"John," said I to my Chinaman, "carry this to the ladies;" and handed
him a card on which I had inscribed: "Black Bart's compliments; and he
desires the attendance of the ladies on deck for a parley. At once."
John came back in a few moments and stood on one foot. "She say, she
say, Misal Hally, she say no come."
"Letter have got, John?"
"Lessah have got."
"Take it back. Say, at once."
"Lessah. At wullunce."
"Lessah," he added two moments later. "Catchee lettah, them lady, and
she say, she say, go to hellee!"
"What! What's that, John? She said nothing of the sort!"

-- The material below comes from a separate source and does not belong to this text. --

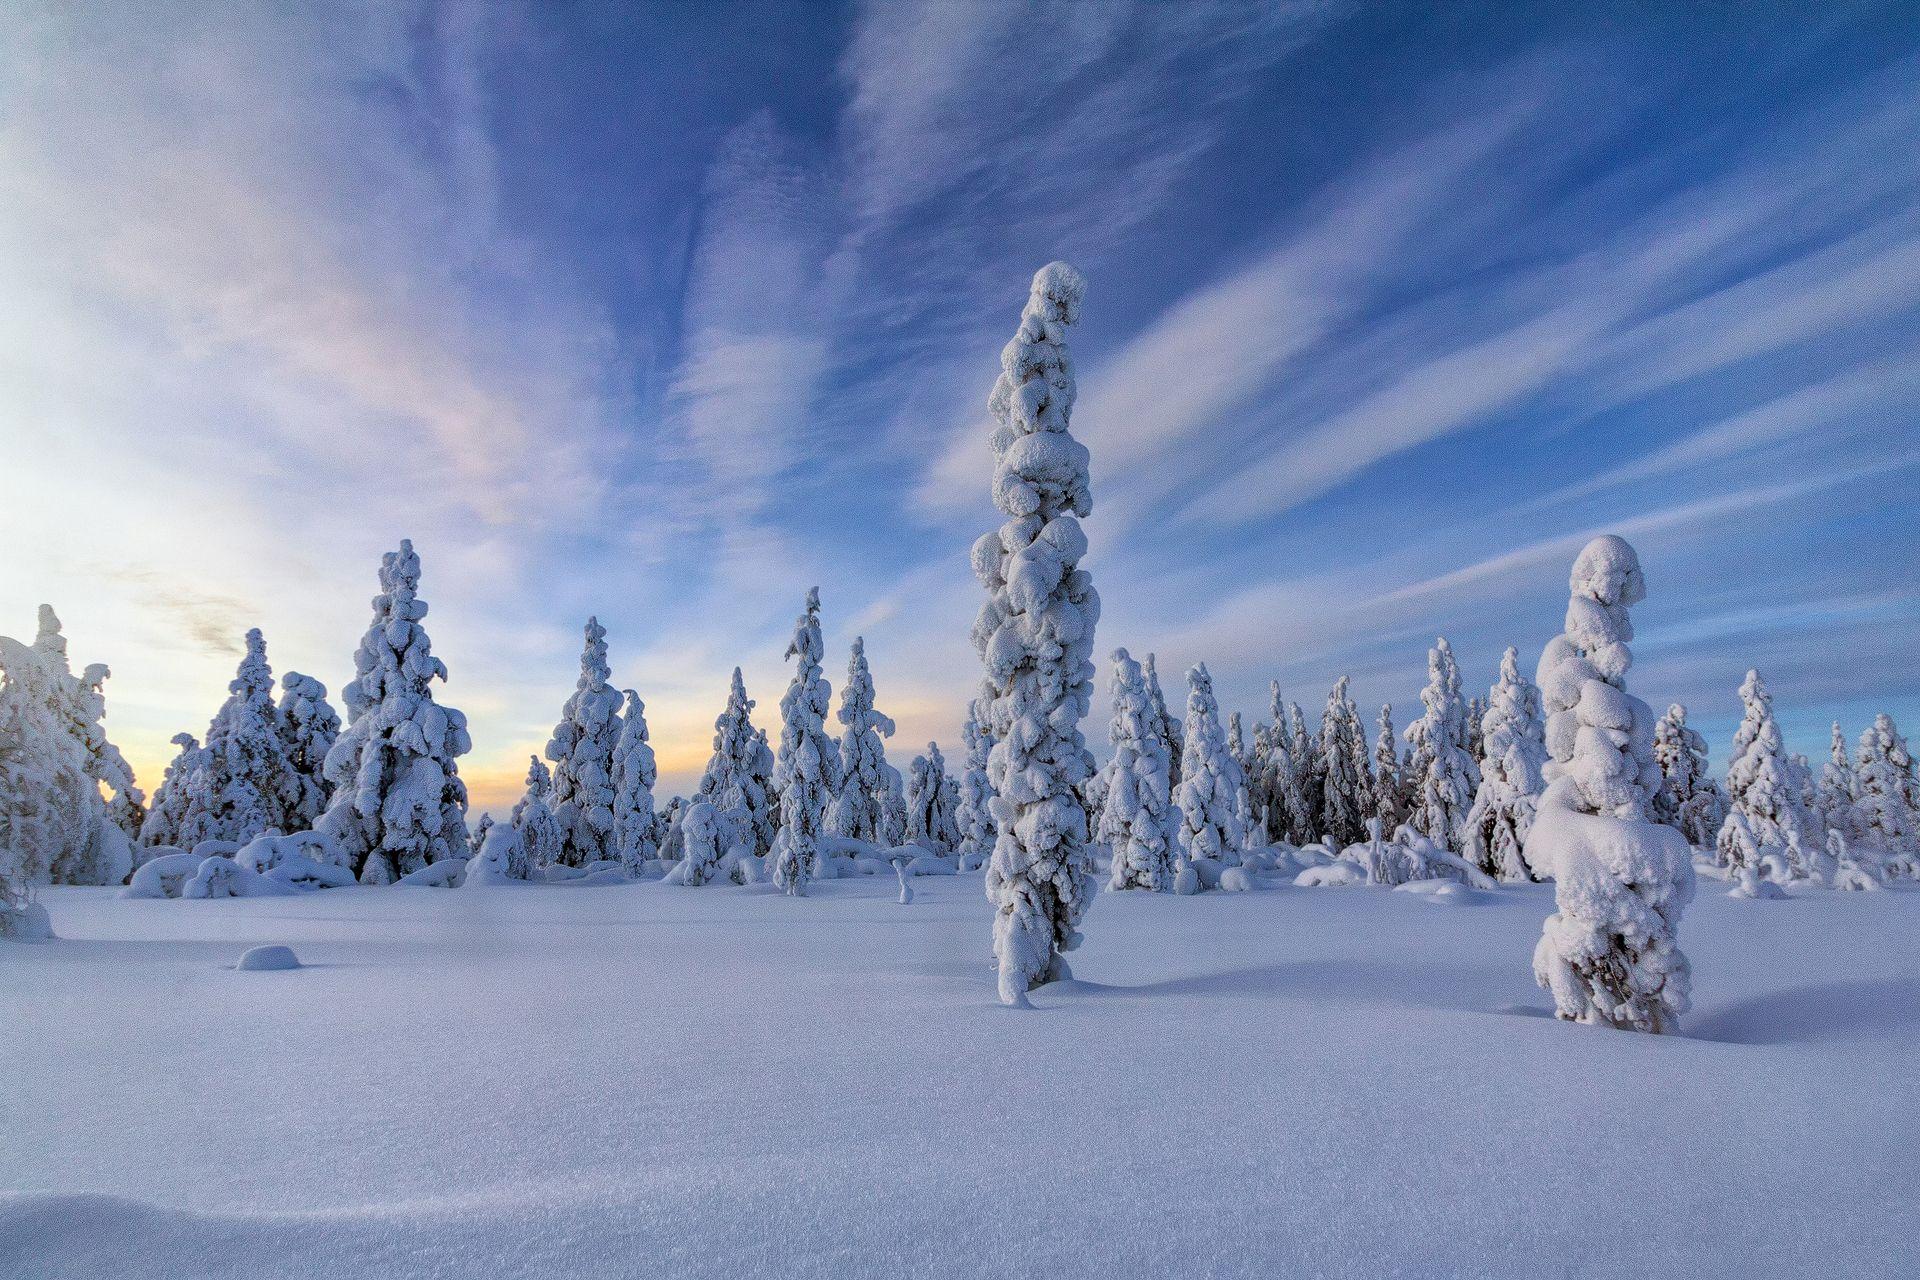 snow trees, winterwonderland, ice, sunset, coverd in snow, snow forest
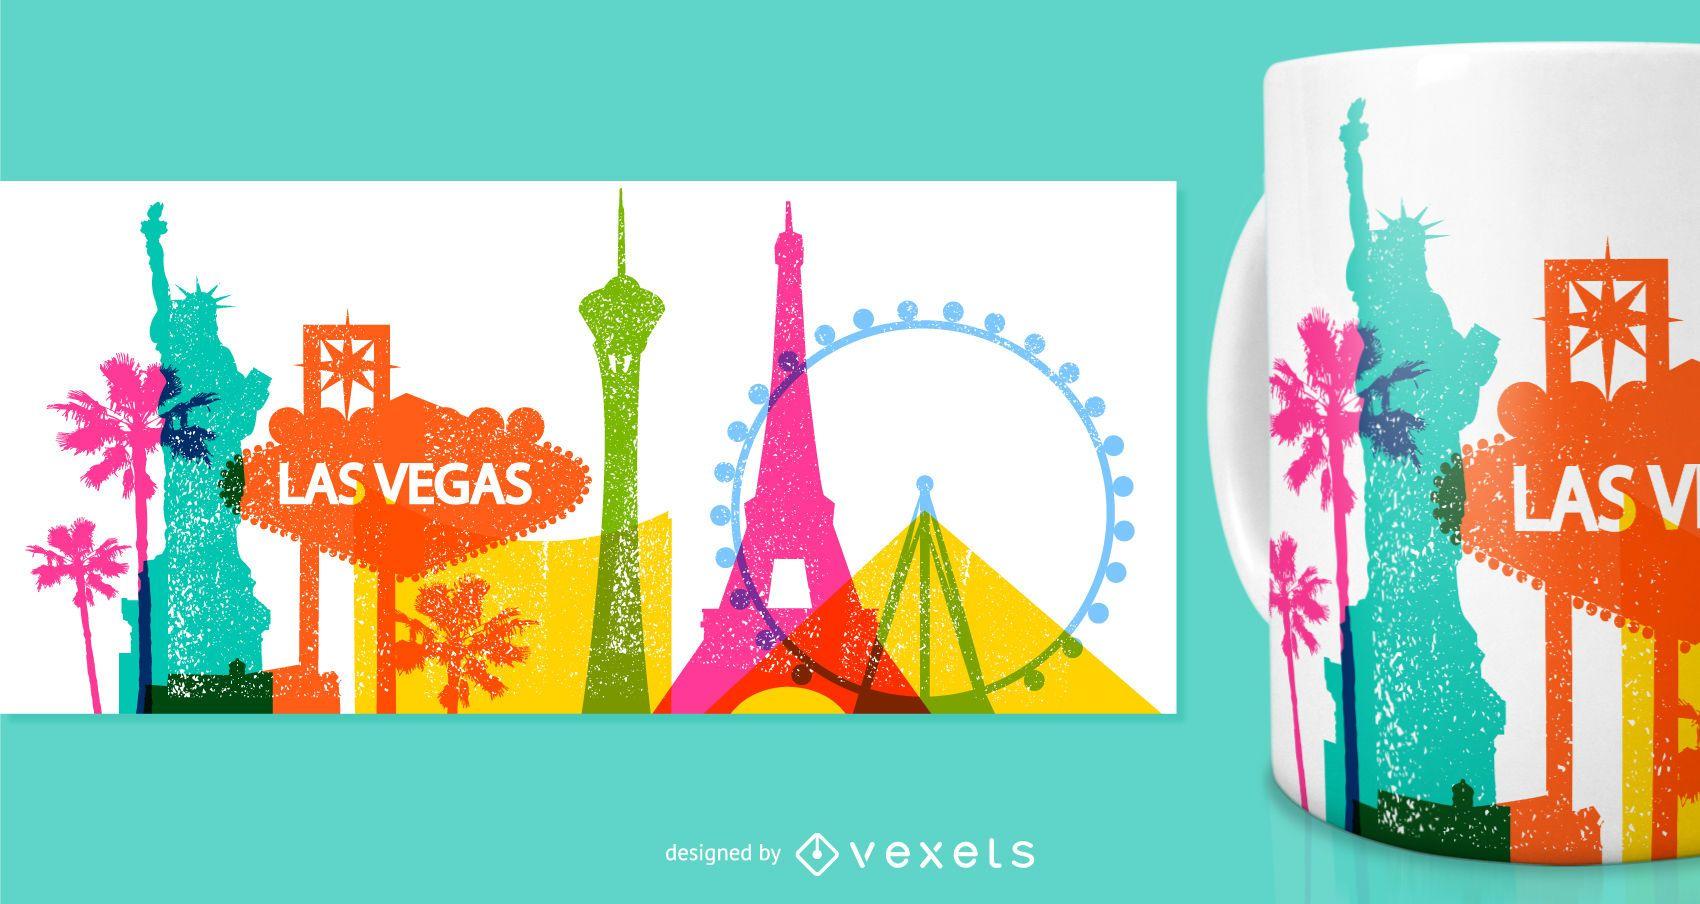 Las Vegas Merchandise Becher Design

"Lessah, said them. No catchee word, that what she mean. Lady, one
time she say, she say, go topside when have got plenty leady for
come."
"Go back to your work, John," said I. And I waited with much dignity,
for perhaps ten minutes or so, before I heard any signs of life from
the after suite. Then I heard the door pushed back, and saw a head
come out, a head with dark tendrils of hair at the white neck's nape,
and two curls at the temple, and as clean and thoroughbred a sweep of
jaw and chin as the bows of the Belle Helène herself. She did not
look at me, but studiously gazed across the river, pretended to yawn,
idly looked back to see if she were followed; as she knew she was not
to be.
At length, she turned as she stepped out on the deck. She was fresh as
the dew itself, and like a rose. All color of rose was the soft skirt
she wore, and the little bolero above, blue, with gold buttons,
covered a soft rose-colored waist, light and subtle as a spider's web,
stretched from one grass stalk to another of a dewy morning. She was
round and slender, and her neck was tall and round, and in the close
fashion of dress which women of late have devised, to remind man once
more of the ancient Garden, she seemed to me Eve herself, sweet,
virginal, as yet in a garden dew-sweet in the morning of the world.
She turned, I say, and by mere chance and in great surprise,
discovered me, now cap in hand, and bowing.
"Oh," she remarked; very much surprised.
"Good morning, Eve," said I. "Have you used Somebody's Soap; or what
is it that you have used? It is excellent."
A faint color came to her cheek, the corners of her bowed lips
twitched. "For a pirate, or a person of no culture, you do pretty
well. As though a girl could sleep after all this hullabaloo."
"You have slept very well," said I. "You never looked better in all
your life, Helena. And that is saying the whole litany."